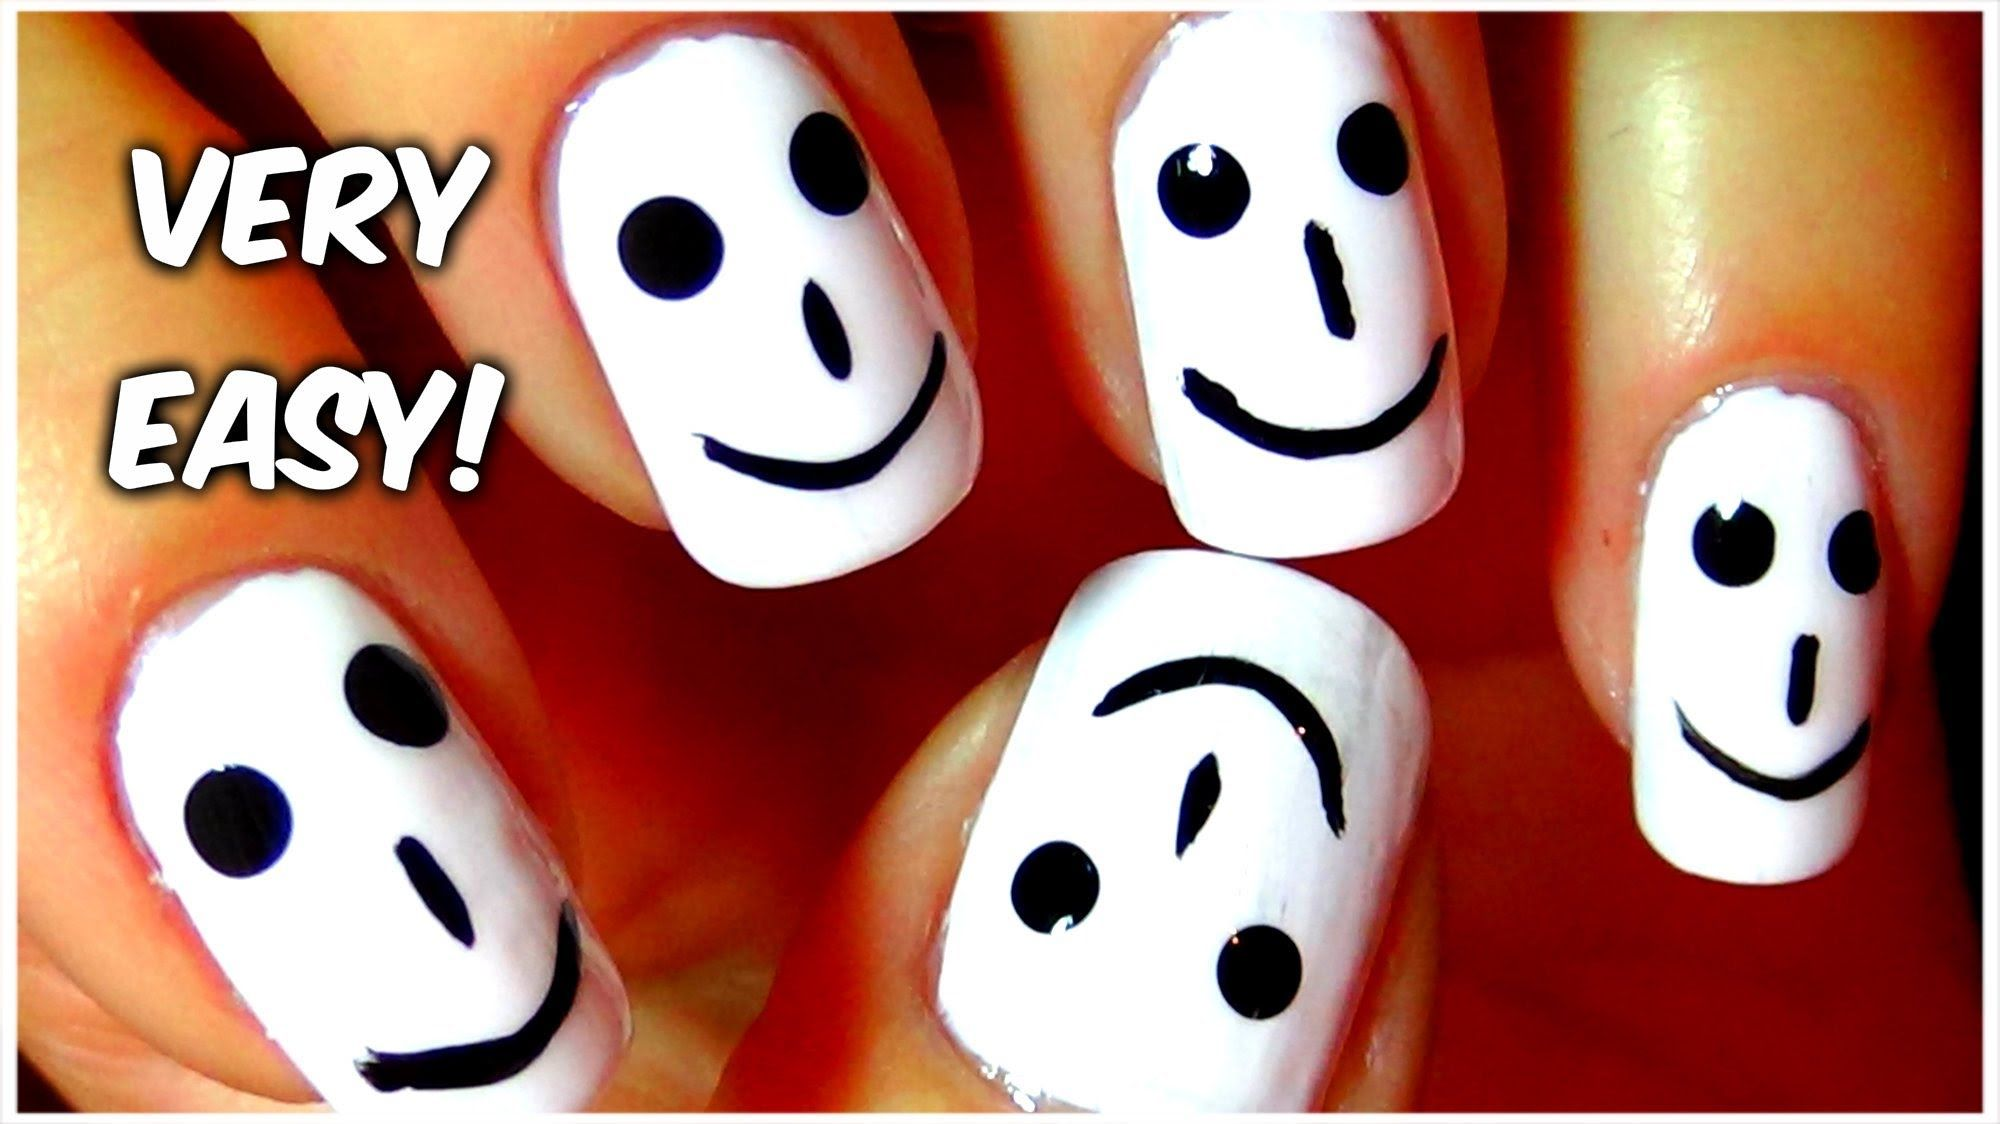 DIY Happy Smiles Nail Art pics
...
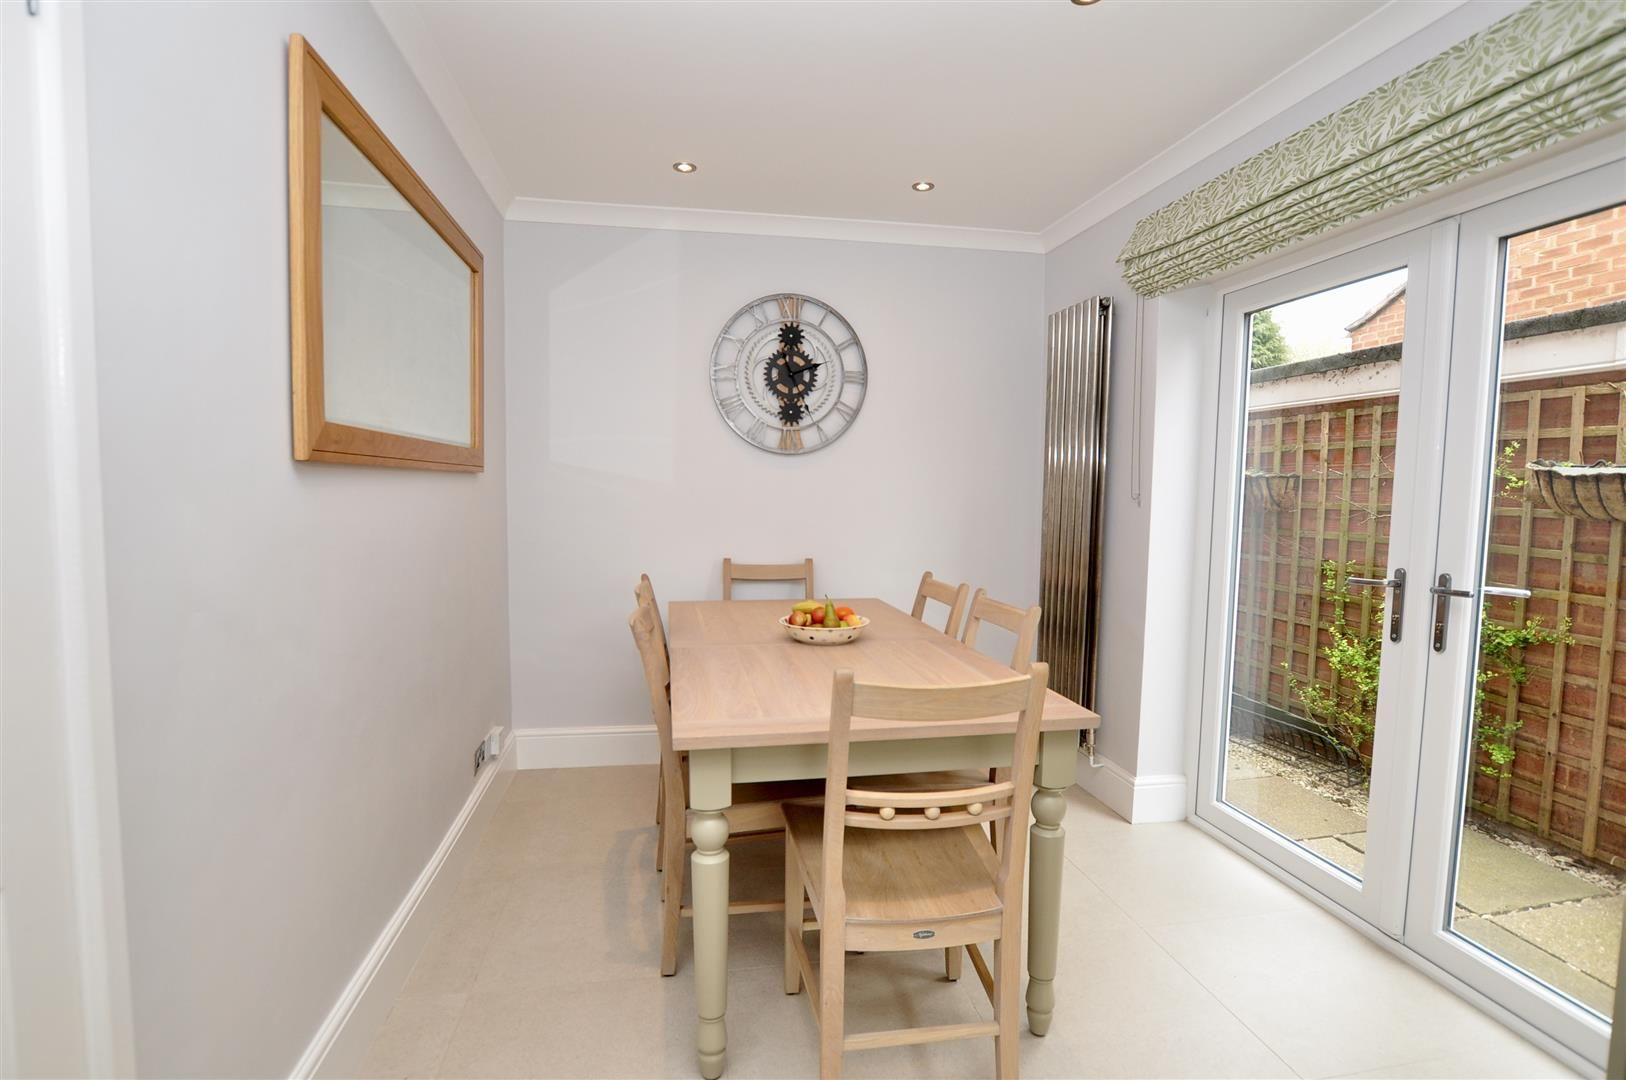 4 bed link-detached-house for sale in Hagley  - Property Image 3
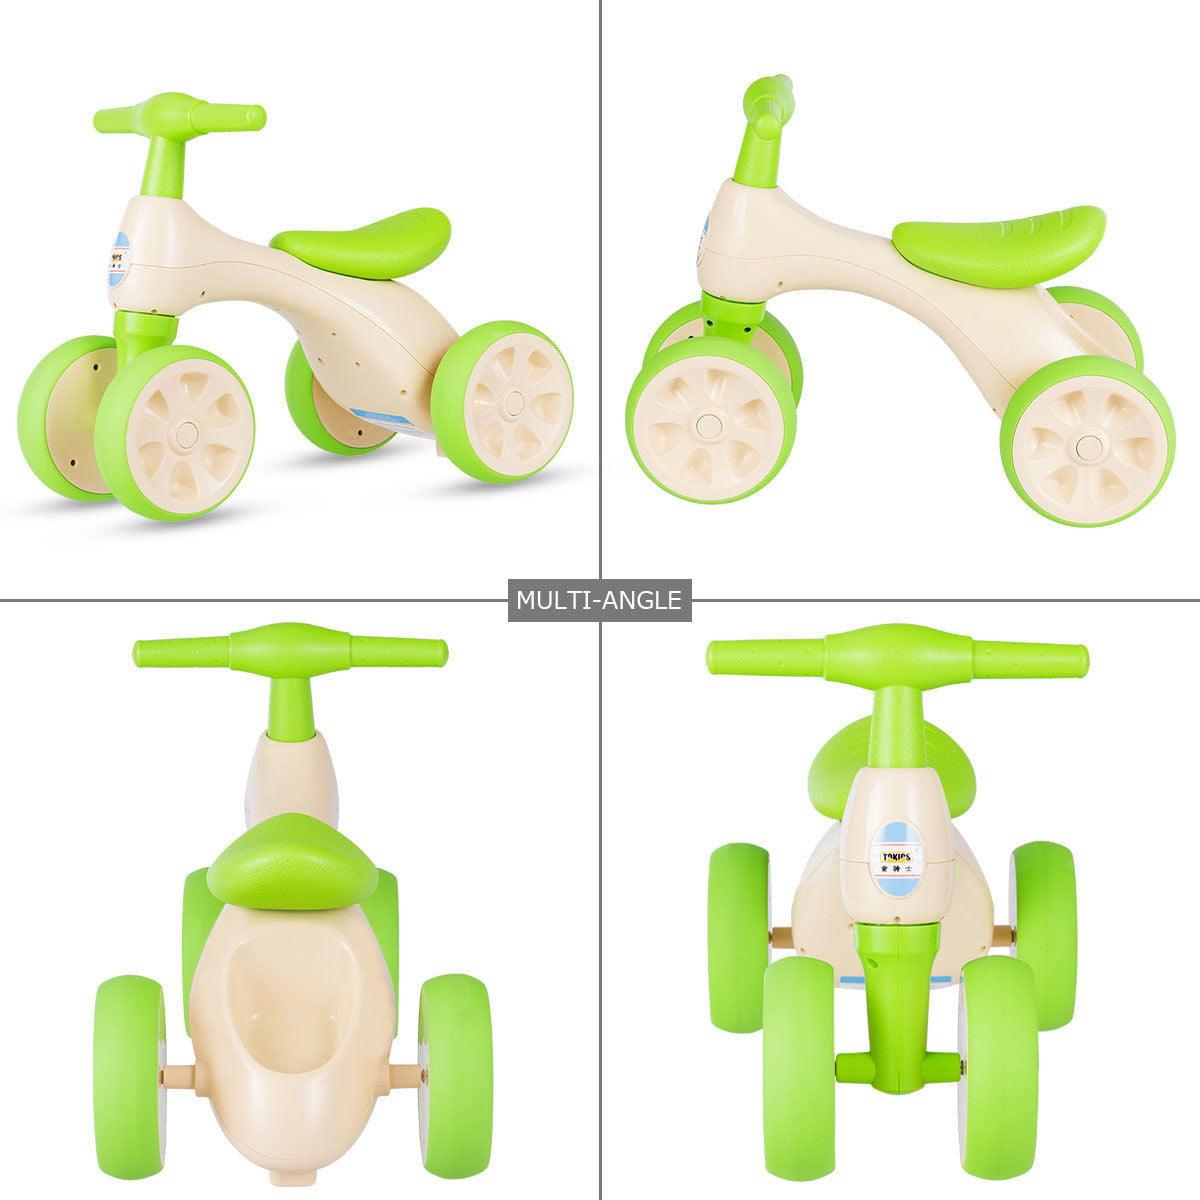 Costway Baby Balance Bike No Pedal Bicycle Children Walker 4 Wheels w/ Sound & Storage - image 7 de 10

• Action item: Given the records above, return the lines starting at the one that holds "4 bed link-detached-house" and ending at the one that holds "Costway Baby Balance", exactly, and nothing besides; leave every picture out.

• Response box:
 4 bed link-detached-house for sale in Hagley  - Property Image 3
 Costway Baby Balance Bike No Pedal Bicycle Children Walker 4 Wheels w/ Sound & Storage - image 7 de 10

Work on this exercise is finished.